Differential cell cycle checkpoint evasion by PTEN germline mutations associated with dichotomous phenotypes of cancer versus autism spectrum disorder

Abstract

Individuals with a PTEN germline mutation receive the molecular diagnosis of PTEN hamartoma tumor syndrome (PHTS). PHTS displays a complex spectrum of clinical phenotypes including harmartomas, predisposition to cancers, and autism spectrum disorder (ASD). Clear-cut genotype-phenotype correlations are yet to be established due to insufficient information on the PTEN function being impacted by mutations. To fill this knowledge gap, we compared functional impacts of two selected missense PTEN mutant alleles, G132D and M134R, each respectively being associated with distinct clinical phenotype, ASD or thyroid cancer without ASD using gene-edited human induced pluripotent stem cells (hiPSCs). In homozygous hiPSCs, PTEN expression was severely reduced by M134R mutation due to shortened protein half-life.

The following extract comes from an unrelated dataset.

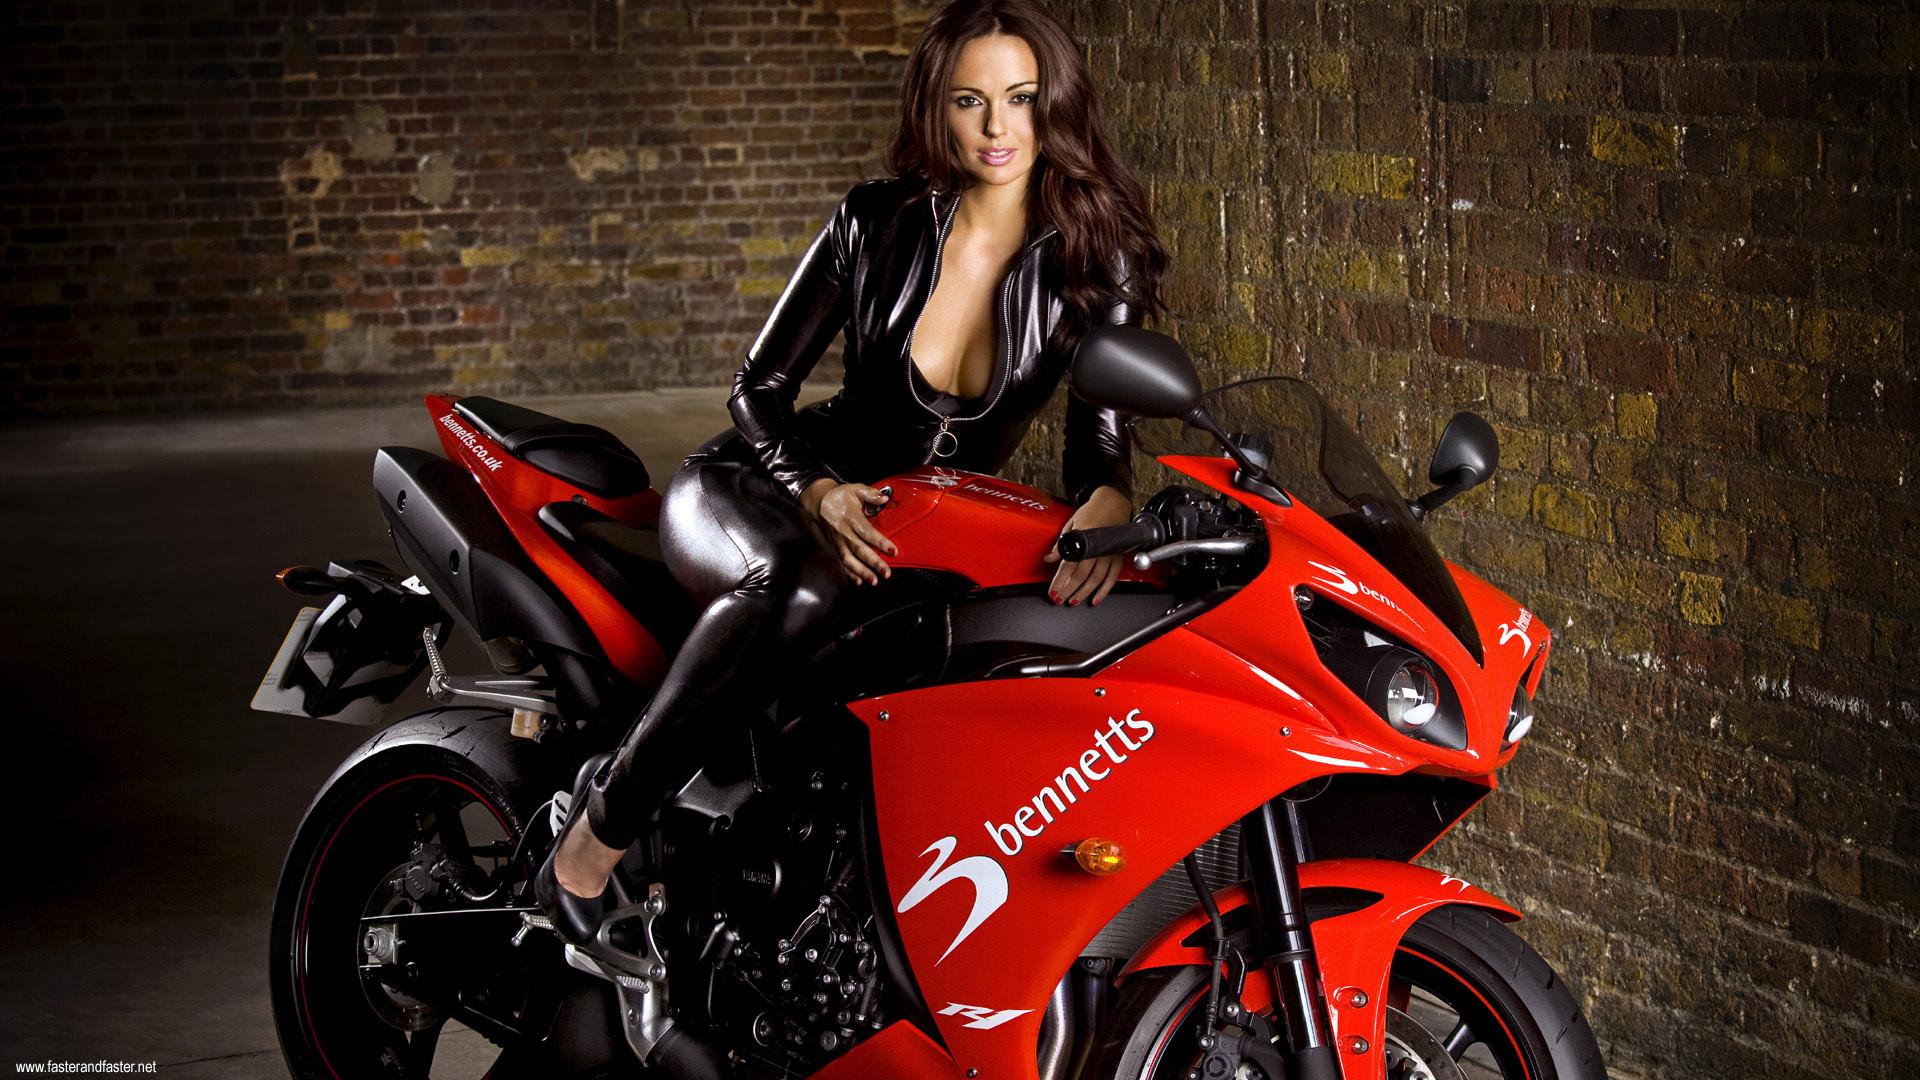 Motorcycle Girl Wallpaper: Jennifer Metcalfe HD Wallpaper

G132D suppressed PTEN expression to a lesser extent than Μ134R mutation without altering protein half-life. When challenged with γ-irradiation, G132D heterozygous cells exited radiation-induced G2 arrest earlier than wildtype and M134R heterozygous hiPSCs despite the similar DNA damage levels as the latter two. Immunoblotting analyses suggested that γ-irradiation induced apoptosis in G132D heterozygous cells to lesser degrees than in the hiPSCs of other genotypes. These data suggest that ASD-associated G132D allele promotes genome instability by premature cell cycle reentry with incomplete DNA repair.